During the extinction phase, when MCC region-specific pharmacological inactivation took place, aMCC inactivation blunted both behavioral and cardiovascular responses to the proximal threat, while pMCC inactivation had the opposite effect primarily on the behavior (Fig. 6A and B, extinction phases). More specifically, for the CS-directed VB, a linear mixed-model ANOVA revealed a significant interaction between treatment and area (F1, 264.70 = 22.24; P = 3.90E-06; Fig. 6A). Compared with saline, inactivation of the aMCC reduced CS-directed VB (Fig. 6A, left, extinction phase, post hoc contrast t-ratio265 = −4.27; P = 0.0001), while inactivation of the pMCC showed a small although significant increase (Fig. 6A, right, extinction phase post hoc contrast t-ratio265 = 2.40; P = 0.017). For the cardiovascular response (MAP) during the CS period, there was a significant treatment by area interaction (F1, 264.45 = 17.55; P = 3.81E-05, Fig. 6B). Compared with control, inactivation of the aMCC reduced the MAP response during the CS period (Fig. 6B, left, extinction phase control vs. inactivation t-ratio 265 = −4.78; P = 0.0001), while inactivation of the pMCC had no effect (Fig. 6B, right, extinction phase).

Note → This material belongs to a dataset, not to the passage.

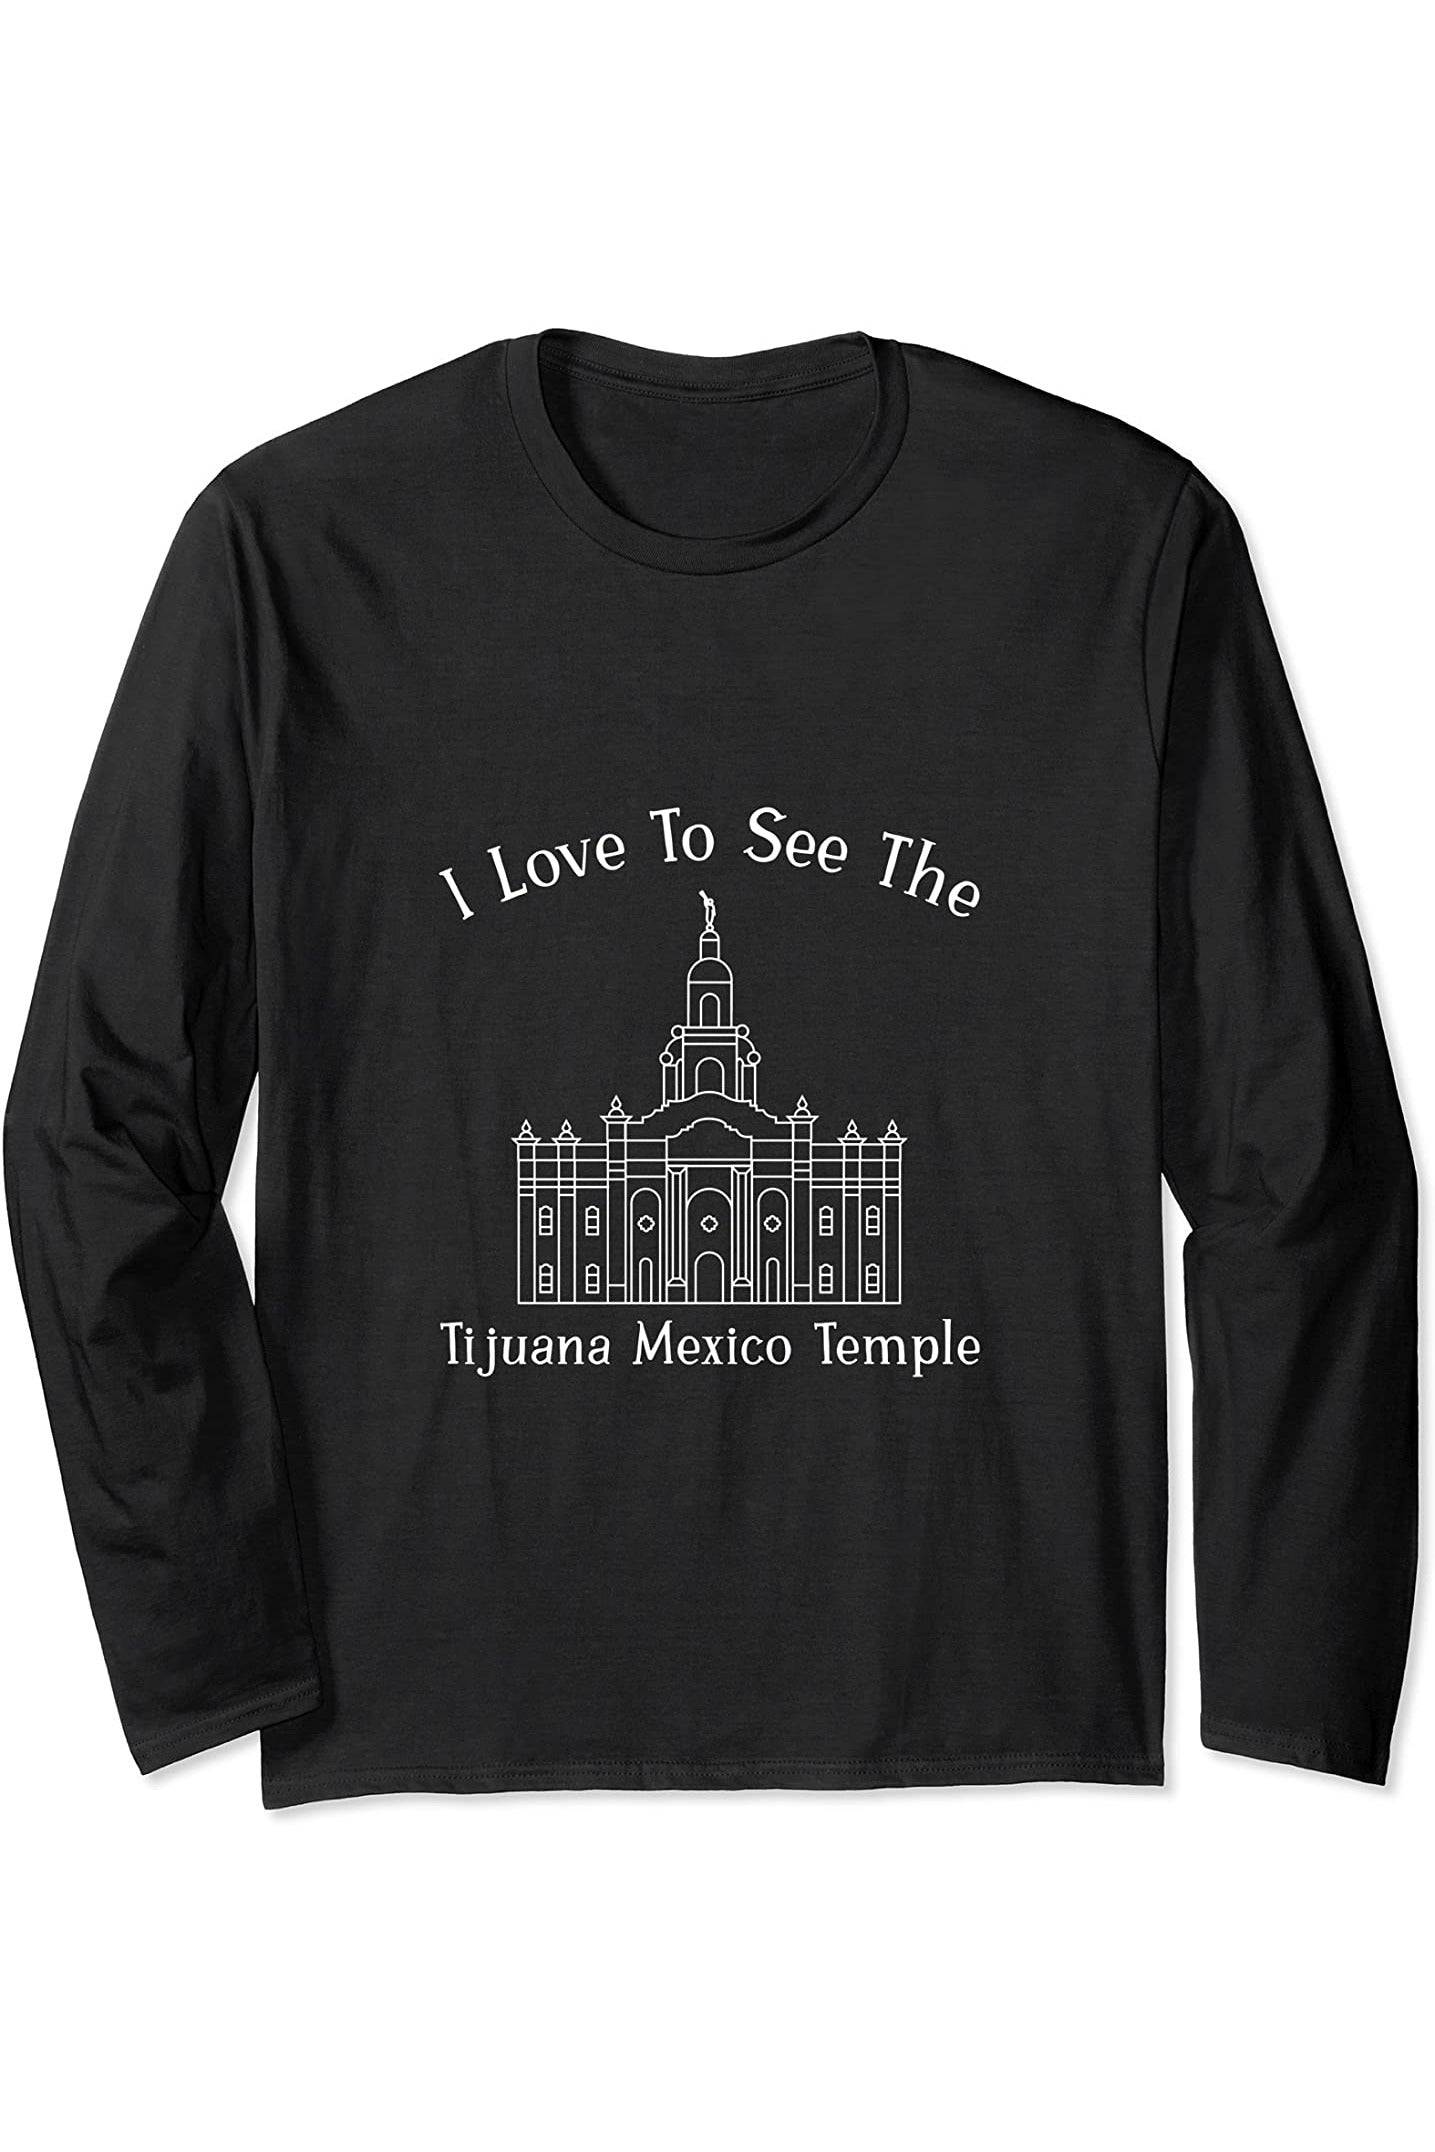 Tijuana Mexico Temple Long Sleeve T-Shirt - Happy Style (English) US

During the recall phase, which occurred the following day after the acute region-specific manipulation took place during the extinction, the analysis of CS-directed VB revealed a significant interaction between treatment and area (F1, 208.90 = 7.49; P = 0.007), with only animals that had received inactivation of pMCC the previous day, displaying an increased CS-directed VB response throughout the recall session (Fig. 6A, right, Recall phase post hoc contrast t-ratio209 = 3.40; P = 0.0008). For the cardiovascular response, the analysis showed a significant interaction between area and time (F1, 200.25 = 4.05; P = 0.046). Follow-up ANOVAs across CS pairs for each area indicated that this interaction was driven by a significant treatment effect for aMCC only (F1, 90 = 14.38; P = 0.0003), with animals that had received inactivation of aMCC the previous day, displaying a reduced MAP response during the CS period throughout the recall session (Fig. 6B left, recall phase post hoc contrast t-ratio90 = −3.79; P = 0.0003).
Discussion
Taking into account potential anatomical and functional heterogeneity within the dACC with respect to its anterior (aMCC) and posterior (pMCC) extents and using specific paradigms to study the response to distal and proximal threat, this investigation revealed the differential contributions of these two subregions to the regulation of threat processing in the common marmoset. The aMCC was involved in both the behavioral response to distal threat associated with anxiety and the behavioral and cardiovascular responses in the regulation of conditioned, proximal threat associated with fear. In contrast, the pMCC played an opposite role but primarily in the behavioral responses to both uncertain, distal and certain, proximal threat.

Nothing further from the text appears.